Personal Data may be transferred on a continuous basis. - The Irish DPA is the competent Supervisory Authority. For purposes of Annex II of the EU SCC, the technical and organizational measures are set forth at https://www.usertesting.com/privacy-center/data-processing-agreement
UK SCC
For International Transfers under the 2004 UK SCC or 2010 UK SCC:
- The governing law is that of England and Wales for purposes of Clause 9 (Governing Law) and 11 (Sub-Processing) of the 2010 UK SCC.
- For purposes of Appendix 1 of the 2010 UK SCC, the description of Processing in the DPA applies to International Transfers, unless otherwise specified.
- For purposes of Appendix 2 of the 2010 UK SCC, the technical and organizational measures are set forth at https://www.usertesting.com/sites/default/files/2023-09/UserTesting%20TOMs.pdf and the optional paragraph on liabilities does not apply.
- The parties select option (i) (the data protection laws of the country in which the data exporter is established) in Clause II(h) of the 2004 UK SCC.
- For purposes of Annex B of the 2004 UK SCC:
- The description of Processing in the DPA applies to International Transfers, unless otherwise specified.
- The parties may disclose transferred Personal Data to recipients listed in the parties’ respective privacy notices.
- Registration information will be made available upon request.
- The illustrative commercial clauses do not apply.
For International Transfers under the EU SCC, as modified by the UK Addendum:
- Table 1 shall be completed as set forth in the DPA and the Agreements.

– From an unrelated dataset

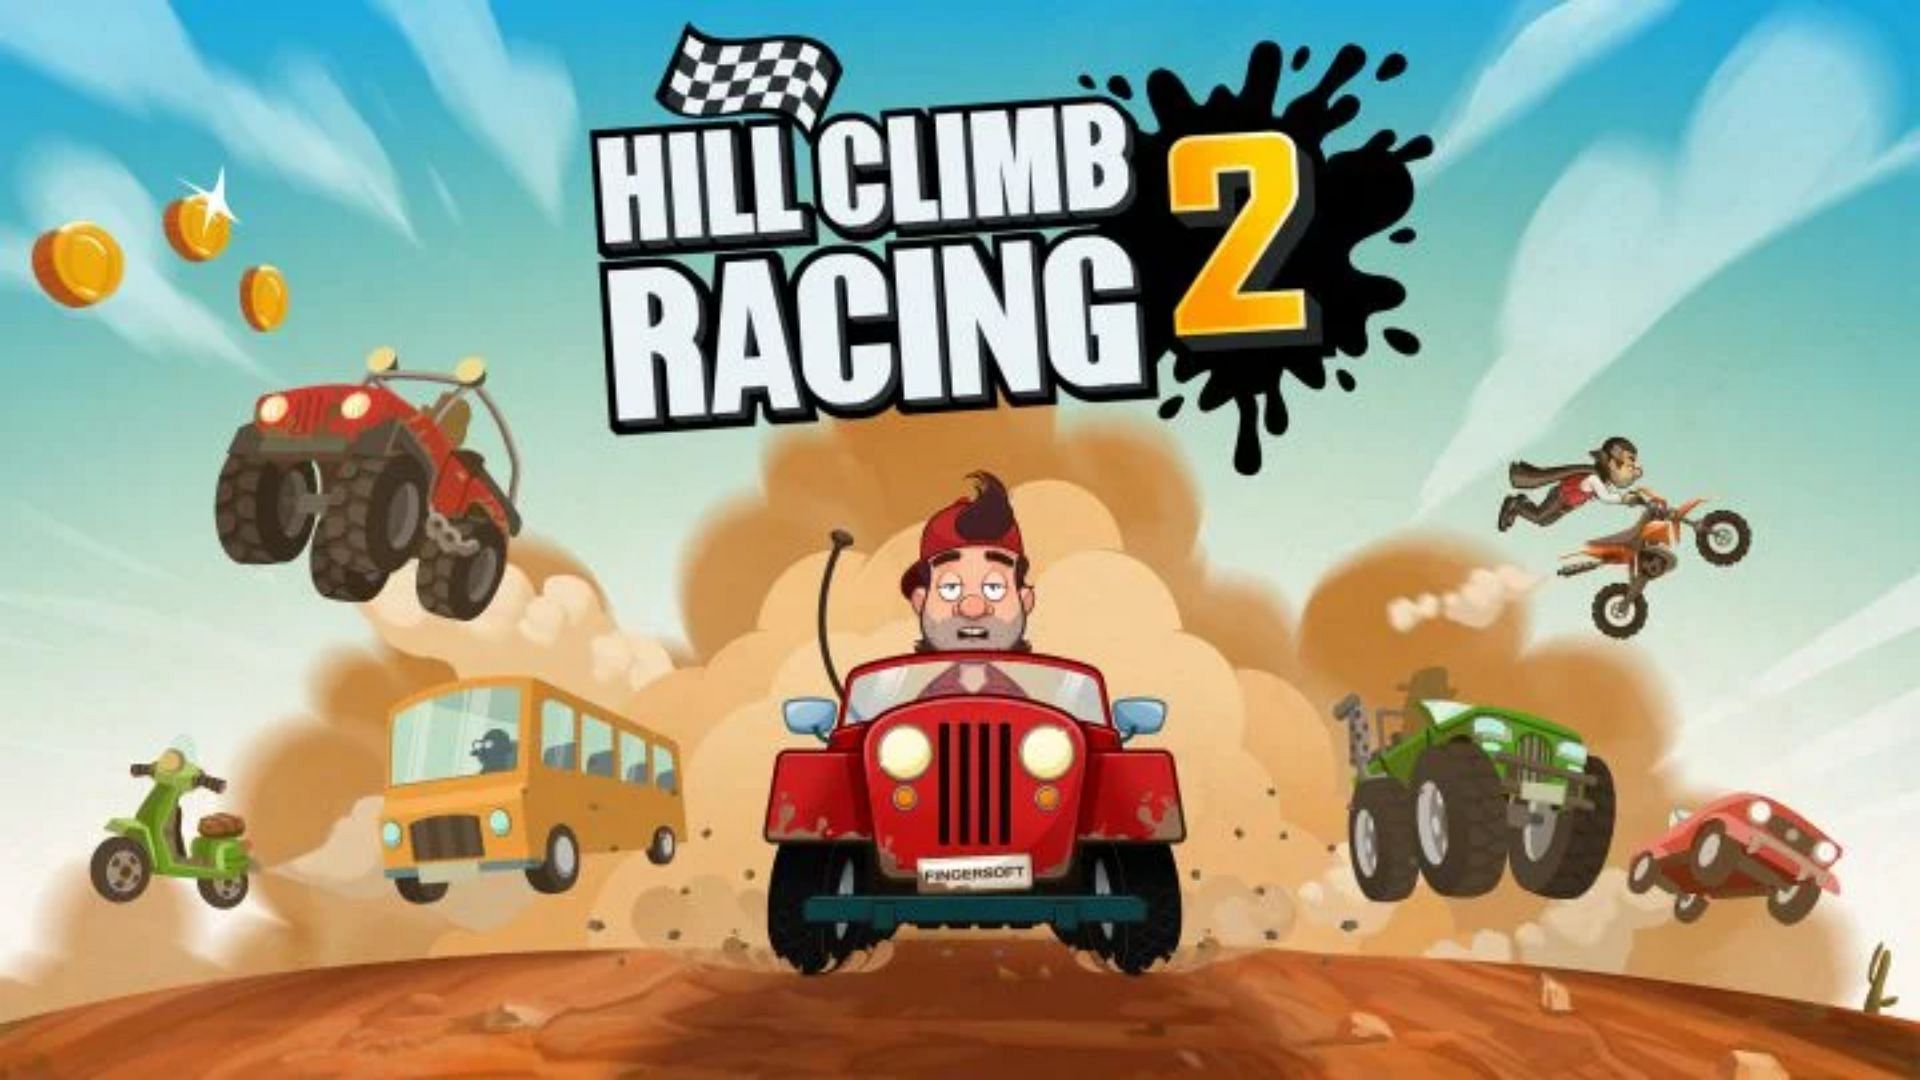 Hill Climb Racing 2 - Roblox

- Table 2: The selection shall be “the Approved EU SCC, including the Appendix Information and with only the following modules, clauses or optional provisions of the Approved EU SCC brought into effect for the purposes of this Addendum” and the table shall be completed as follows:
- The operative modules shall be deemed completed in a manner corresponding with the parties’ roles as set forth in the DPA.
- Clause 7 (Docking Clause) does not apply.

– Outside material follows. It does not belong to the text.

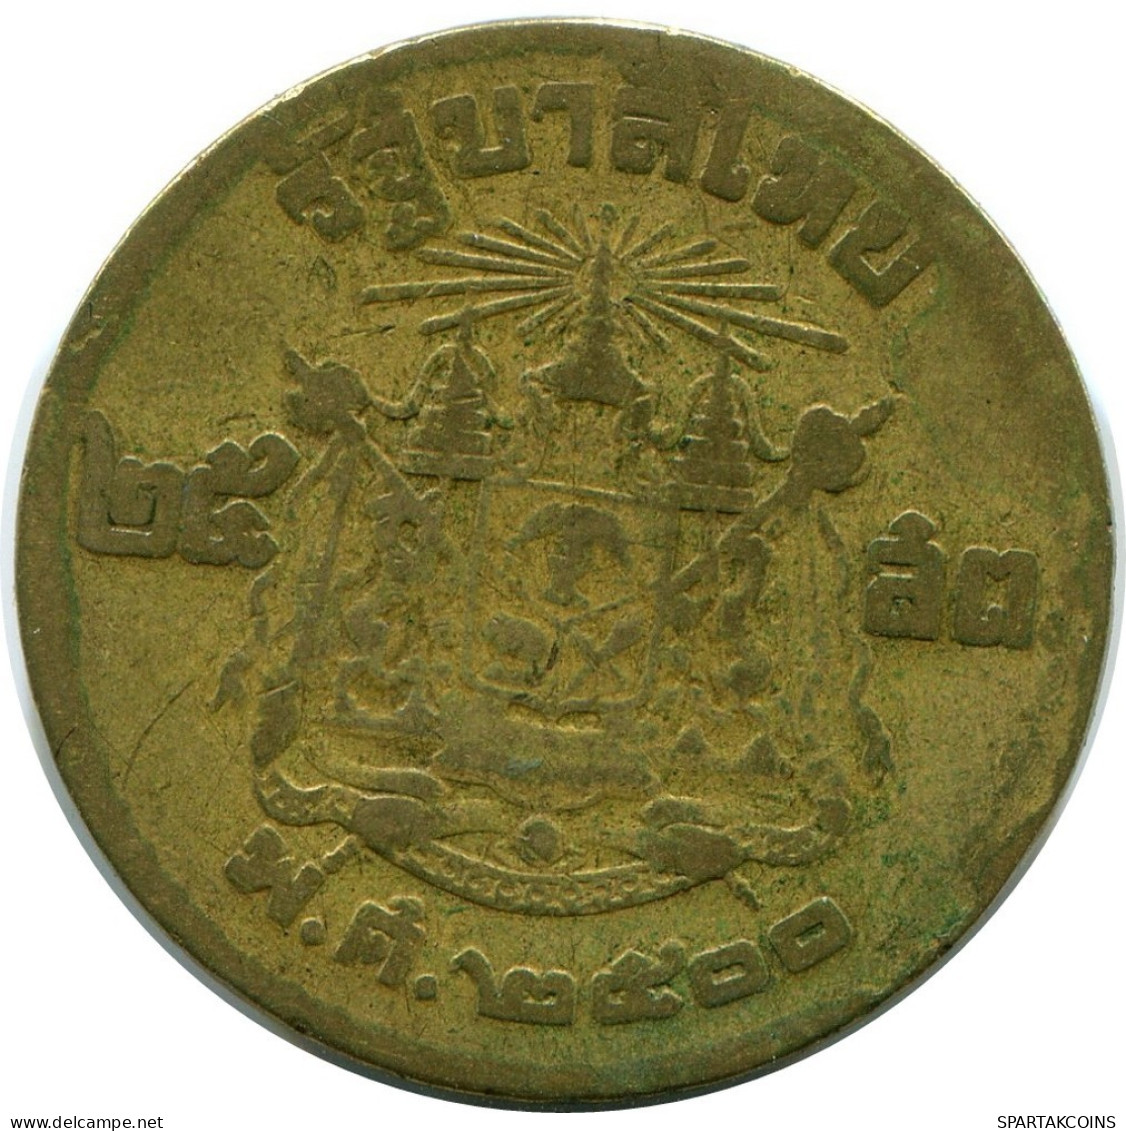 25 SATANG 1957 THAILAND RAMA IX Coin #AZ123.U.A - Thailand

- Clause 11 (Option) does not apply.
- Clause 9a (Prior Authorisation or General Authorisation) shall be “General Authorisation,” and the time period and process by which this is done is, “as set forth in the DPA.”
- The question, “is personal data received from the Importer combined with personal data collected by the Exporter” shall be “no,” unless otherwise specified in the DPA. - Table 3 shall be completed as follows:
- Annex I.A: “The parties as set forth in the Agreement”
- Annex I.B: “The Description of Processing set forth in the DPA”
- Annex II: “The technical and organizational measures are set forth at https://www.usertesting.com/sites/default/files/2023-09/UserTesting%20TOMs.pdf"
- Annex III: “The relevant list(s) of Sub-processors are as set forth at https://www.usertesting.com/privacy-center” - Table 4: The selection shall be “Importer.”
Swiss SCC
- References to GDPR shall be interpreted to also include references to the Swiss Federal Act on Data Protection (“FADP”)
- Clause 13 and Annex I.C. of the EU SCC shall include the Federal Data Protection and Information Commissioner as an additional competent Supervisory Authority.
- In the event that the International Transfer is exclusively subject to the FADP, Clause 17 of the EU SCC shall include Swiss law as the governing law; and
In Clause 18 of the EU SCC, references to “member state” shall also include references to Switzerland in order to ensure that Swiss Data Subjects may exercise their rights under FADP.